Bile salts medium (TSB + BS): To prepare TSB containing 0.4% (w/v) bile salts, resuspend 0.06 g of bile salts (BS, see Table of Materials) in 15 mL of autoclaved TSB. Filter sterilize using a 0.22 µm PES filter.
NOTE: The bile salts consist of a 1:1 mixture of sodium cholate and sodium deoxycholate. Prepare fresh media immediately before use.
DMEM + 10% (v/v) FBS: Add 5 mL of fetal bovine serum (FBS) to 45 mL of Dulbecco's Modified Eagle Medium (DMEM). Store at 4 °C.
DMEM + gentamicin: To a 50 mL tube, add 50 mL of DMEM and 50 µL of 50 mg/mL gentamicin (see Table of Materials).
NOTE: Make fresh aliquot and warm in a 37 °C water bath prior to each experiment.
PBS + 1% (v/v) Triton X-100: Add 150 µL of Triton X-100 to 15 mL of Phosphate-buffered saline (PBS).
NOTE: Make fresh aliquot and warm in a 37 °C water bath prior to each experiment.
TSB + Congo red indicator plates: Add 15 g of TSB, 7.5 g of select agar, and 0.125 g of Congo red dye (see Table of Materials) to a 1 L bottle. Add 0.5 L of DI water and autoclave. Pour 10-20 mL of media into individual sterile Petri dishes (100 mm x 15 mm) and let solidify.
CAUTION: Congo red is carcinogenic and a reproductive toxin. Ensure that handling of Congo red is performed using the appropriate personal protective equipment. Consult the product safety data sheet for additional information.
NOTE: Approximately 20 plates are made from 0.5 L Congo red media. Plates can be prepared 2-3 days in advance and left inverted at room temperature until use. For long-term storage, place inverted plates in plastic sleeves at 4 °C for up to 3 months.
DMEM + 10% (v/v) FBS and 5% (v/v) dimethyl sulfoxide (DMSO): Add 42.5 mL of DMEM, 5 mL of FBS, and 2.5 mL of DMSO to a 50 mL tube. Store at 4 °C.

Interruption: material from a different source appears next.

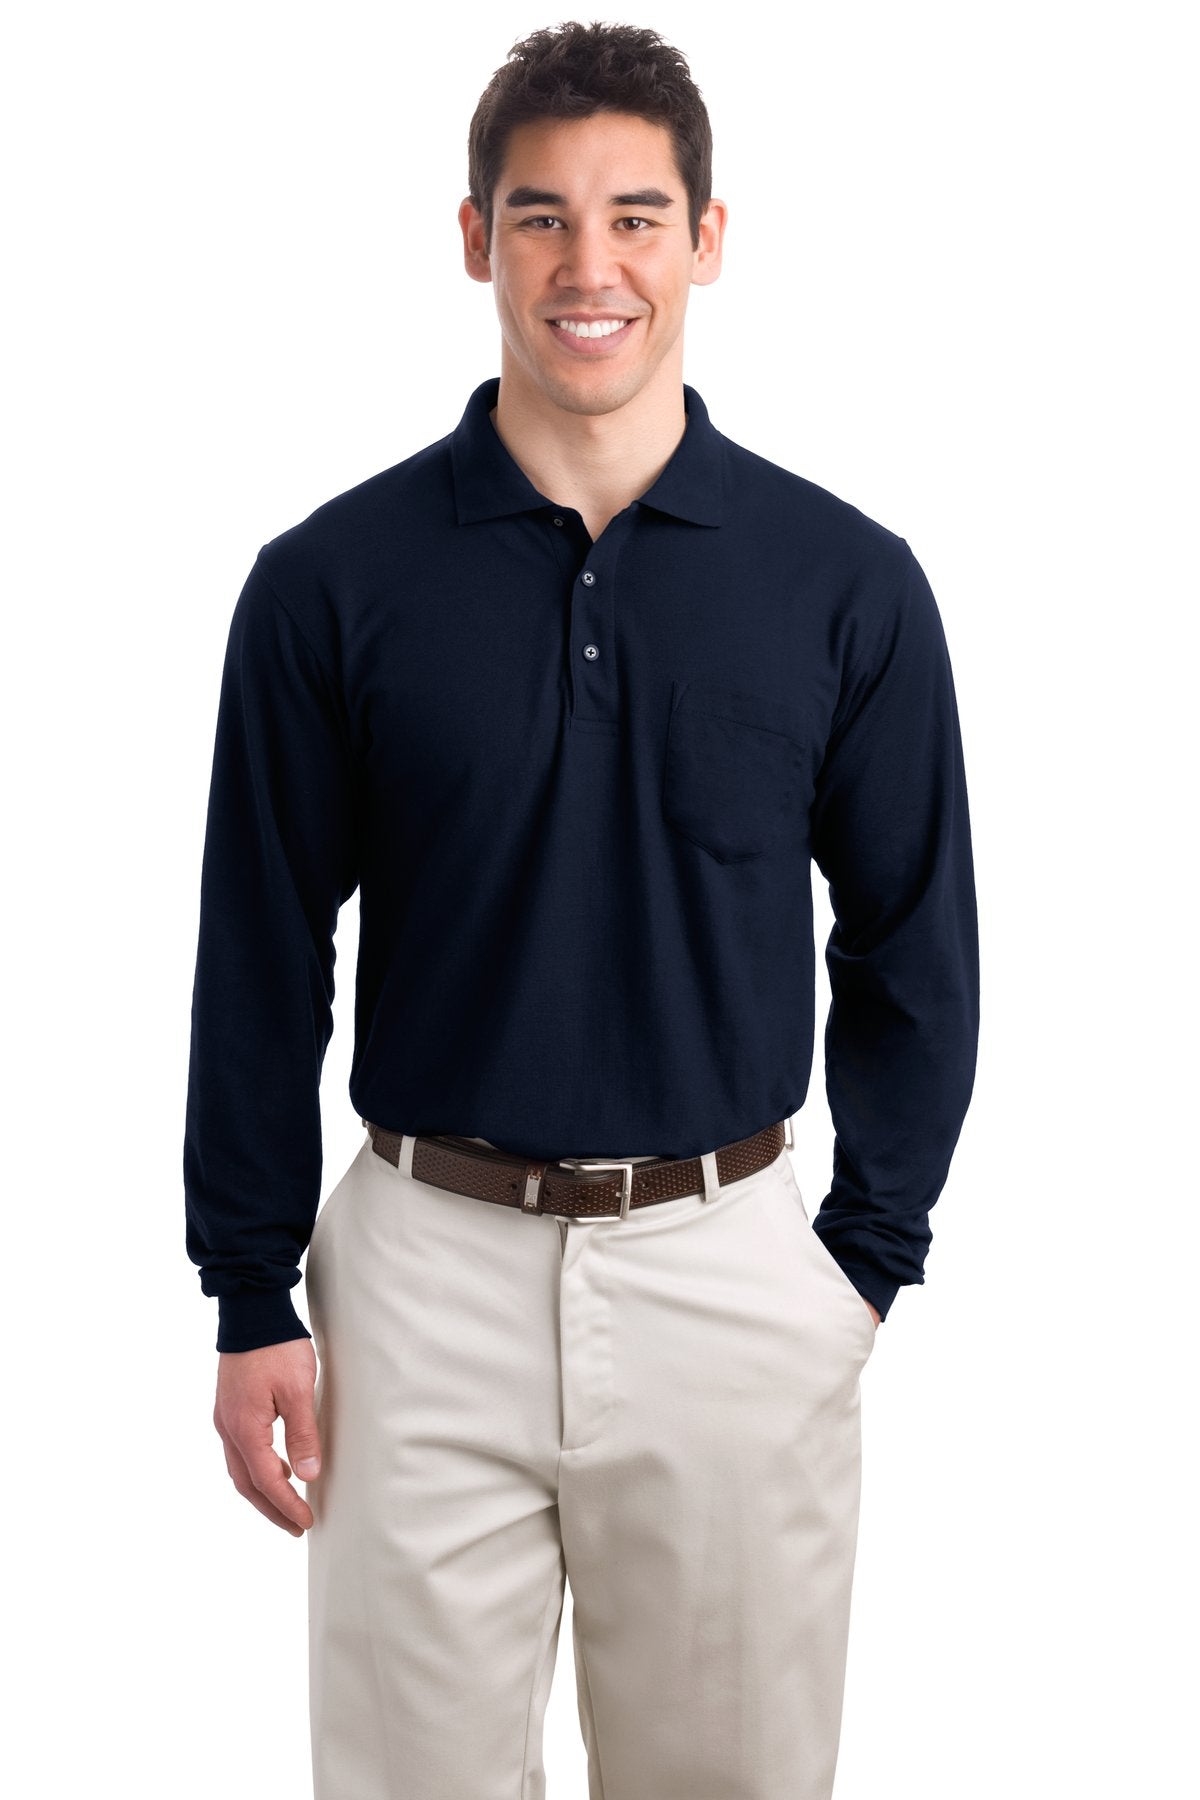 Port Authority Long Sleeve Silk Touch™ Polo with Pocket. K500LSP

2. Preparation of bacteria

NOTE: All Shigella laboratory cultivation and storage protocols are adapted from Payne, S. M.⁴³.

CAUTION: Shigella spp. are Risk Group 2 pathogens⁴⁴. Perform all laboratory work in a BSL-2 environment, with additional safety measures undertaken to limit accidental exposures due to the low infectious dose of Shigella spp.

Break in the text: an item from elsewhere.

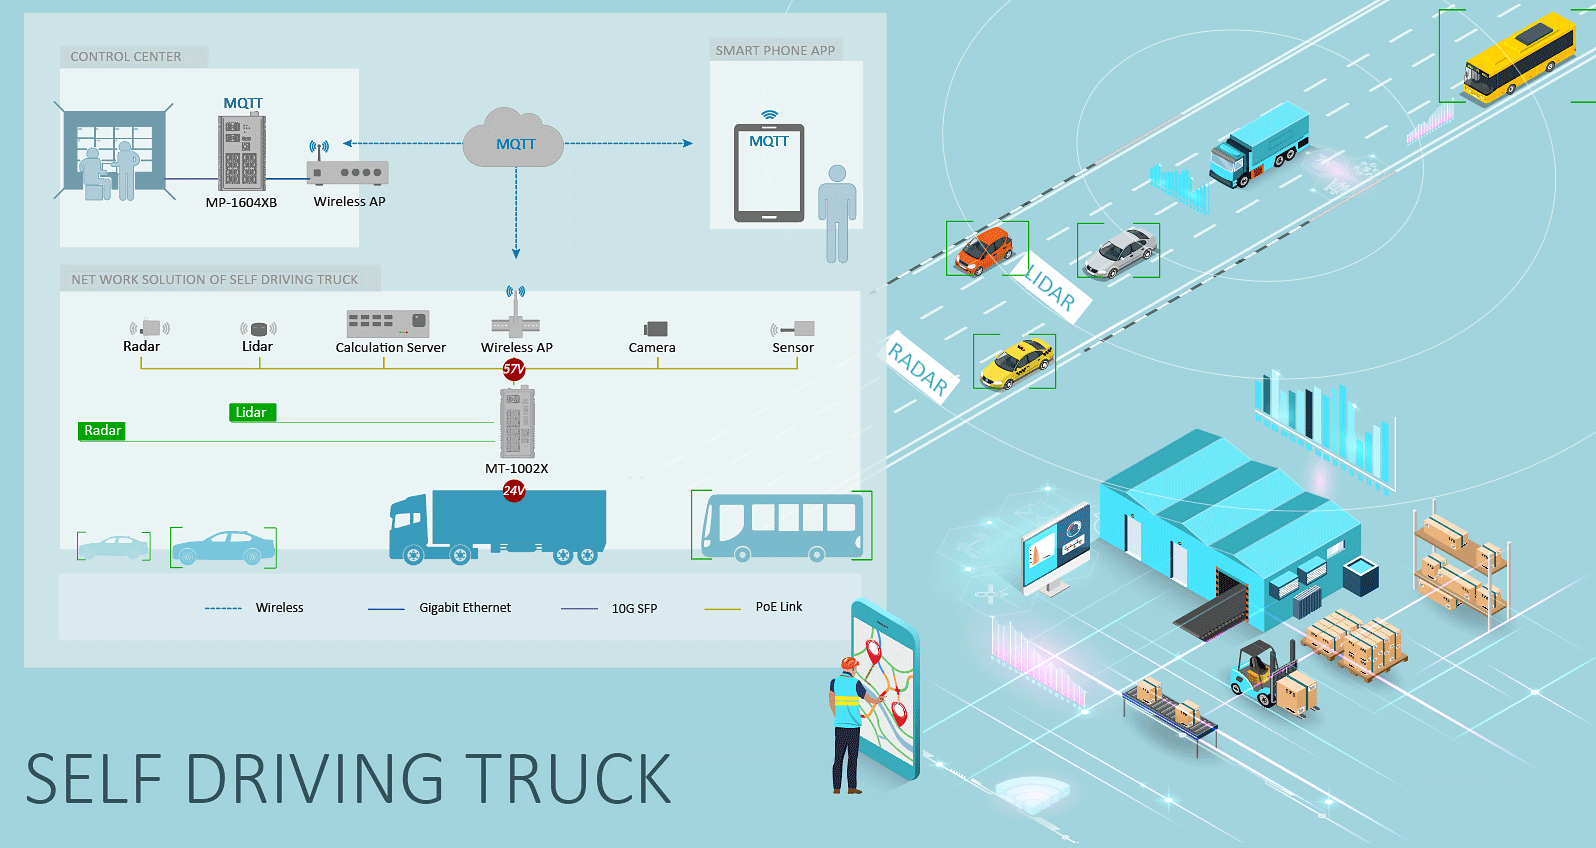 Self Driving Truck Industrial Networking Equipment in Harsh Environment

Growth of Shigella from frozen stocks
1. Transfer a small amount of frozen culture from the cryogenic vial to a TSB + Congo red agar plate using a sterile applicator.
2. Flame sterilize an inoculating loop and allow it to cool. Streak inoculum back and forth across one quadrant of the plate. Flame the loop, allow it to cool, then streak from the first quadrant onto the second quadrant of the plate. Repeat to streak inoculum into the third and fourth quadrants of the plate.
  NOTE: Alternatively, streak inoculum using a fresh sterile applicator between each quadrant.
3. Invert the plate and incubate at 37 °C overnight.
  NOTE: Incubation at temperatures ≥37 °C is required for expression of Shigella virulence factors necessary for observation of Congo red-positive (CR⁺) phenotype⁴⁵. Avirulent colonies will have a white appearance and will not be invasive.
4. Seal the plate with paraffin film and store refrigerated at 4 °C.
  NOTE: Bacterial colonies will remain viable on agar plates for 1-2 weeks.
Overnight growth of Shigella in liquid culture
1. Aliquot 3 mL of TSB media into sterile 14 mL culture tubes.
2. Pick a single, well-isolated red (CR+) colony using a sterile applicator and resuspend in liquid media.
3. Incubate cultures overnight (16-18 h) at 37 °C with shaking at 250 rotations per minute (rpm).

3. Preparation of HT-29 eukaryotic cells

NOTE: All volumes are consistent with an assay using two 6-well plates. HT-29 cell lines were acquired from the American Type Culture Collection (ATCC). HT-29 maintenance protocols are adapted from ATCC recommendations⁴⁶. All media should be pre-warmed in a water bath at 37 °C prior to use. All HT-29 maintenance protocols should be performed in a biosafety cabinet. Refrain from producing bubbles when mixing/working with HT-29 cells in media to avoid dramatic changes in pH.

Thawing HT-29 cells from frozen stock
1. Thaw the vial of HT-29 cells in a 37 °C water bath.
  NOTE: Ensure the cap stays fully above the water to avoid contamination. Thawing should take less than 2 min.
2. Remove the vial from the water immediately after the culture is fully thawed and decontaminate with 70% ethanol. Ensure that all steps from this point are performed using aseptic techniques.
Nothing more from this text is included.